Logic modelling is a tool that can be useful in:
• identifying short, medium and long-term outcomes of a programme or strategy
• identifying the key activities that evidence suggests will help achieve these outcomes
• setting out the different partners involved in delivering these activities
• developing performance measures of key outcomes
• informing the development of monitoring and evaluation plans to assess whether the intended outcomes are achieved.
Examples of logic models can be found on the NHS Health Scotland website: www.healthscotland.com/scotlands-health/evaluation/support/logic-models.aspx
Why are NHS Health Scotland and partners using these food and health logic models?
The National Performance Framework contains a number of outcomes that relate to diet such as healthy weight for children or reduced mortality from Coronary Heart Disease (CHD). It is important that partners work together to identify these outcomes and the most effective services for achieving them, delivered either singly or in partnership. Logic modelling can help this process.
How do you develop these logic models?
Logic models are built up using available evidence. Where evidence is not available we use information on the potential impact of different interventions and the likelihood they will address key policy goals, such as reducing health inequalities.
The next stage is to discuss the model with key stakeholders to ensure it addresses the areas of greatest importance and that it makes sense. It is fundamental that the model is validated with the correct stakeholders and has the right policy and evidence included within.
How do we know these actions will have the desired outcomes?
They will be based on available evidence and current understanding of what works to change people’s diets. They could also form the basis of local performance management processes and monitoring and evaluation work. Over time we can build up a picture of whether services deliver their intended outcomes and whether these lead to longer term dietary changes in the wider population.
When can we use this outcome framework?
A draft will be available late spring/early summer. We’ll keep you posted on progress.
How do we use this outcome framework?
The framework is not prescriptive. It is being developed for people to use or adapt in planning the services they deliver that contribute to health improvement, as well as developing measures to assess their performance in delivering these services. Planning partners can use it in a number of ways:
• as a basis for dialogue with planning partners, for example, in community planning and the development SOAs
• to identify effective, evidence-based interventions that they can deliver to make a contribution to shared outcomes in the NPF
• to demonstrate to key stakeholders the contribution their services can make to shared outcomes in the NPF
• as a basis for developing the information and processes they use to manage their performance in delivering these services
• to target evaluation work on key outcomes and the services put in place to achieve them.
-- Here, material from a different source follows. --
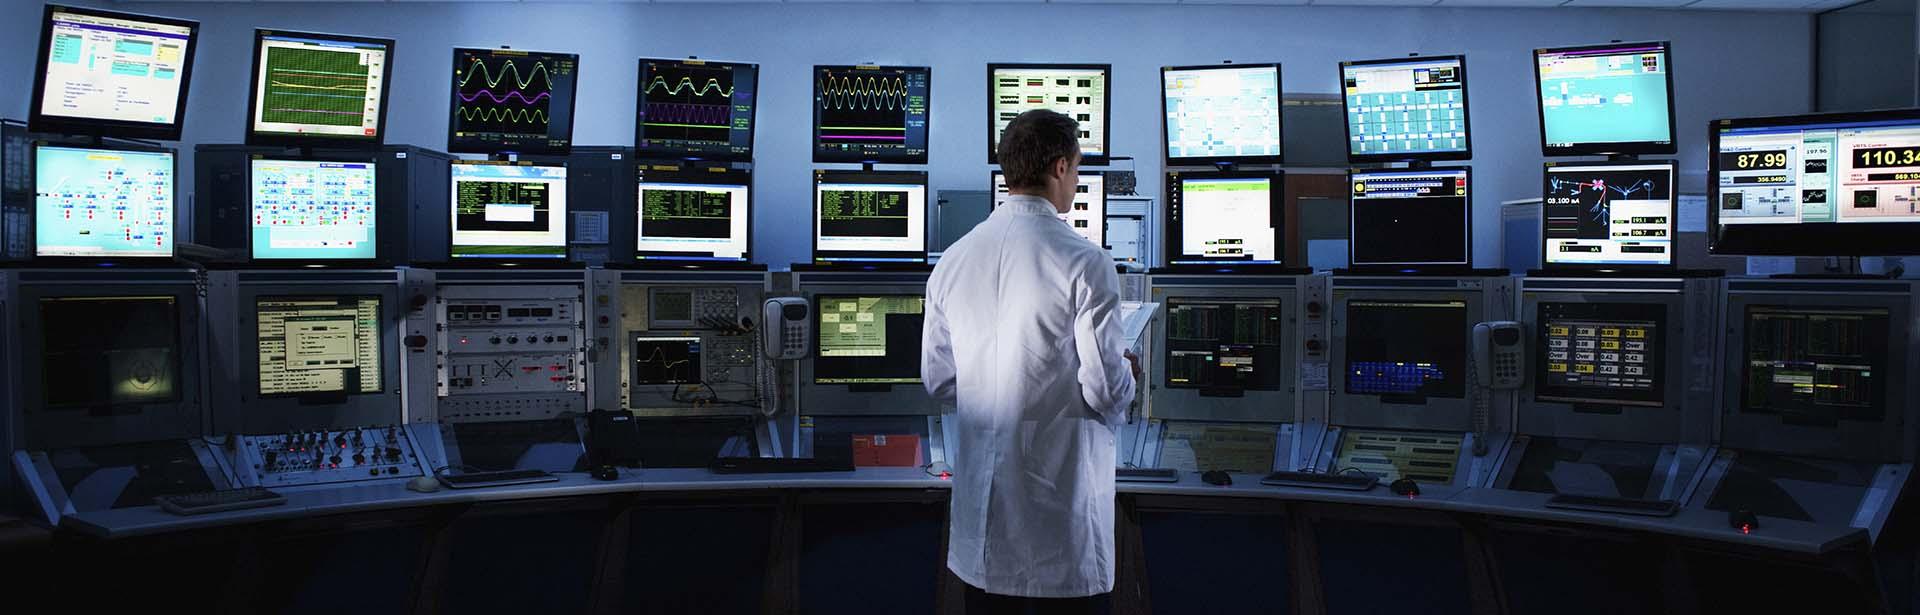 Автоматизация инженерных систем

What does this mean for me working in local government?
Local government has an important role to play in supporting dietary change.
SOAs mean that local government, along with its community planning partners, agree outcomes. This includes health improvement outcomes that they will be expected to achieve. The framework will help to identify and demonstrate the contribution that service providers in local government can make to these outcomes.
What does this mean for me as an NHS employee?
Like local government, the NHS has an important role to play in supporting dietary change. This is reflected in the HEAT target for child healthy weight but it also requires effective joint working with other partners across a range of services. This outcome framework will help identify how the services you provide as an NHS employee fit into this wider strategy for improving the population’s diet.
As a community and voluntary worker, what does all of this mean for me?
The Third Sector is a key partner of health and local government. The outcome framework will provide a basis for dialogue between Third Sector organisations and their partners about the contribution they make to SOAs.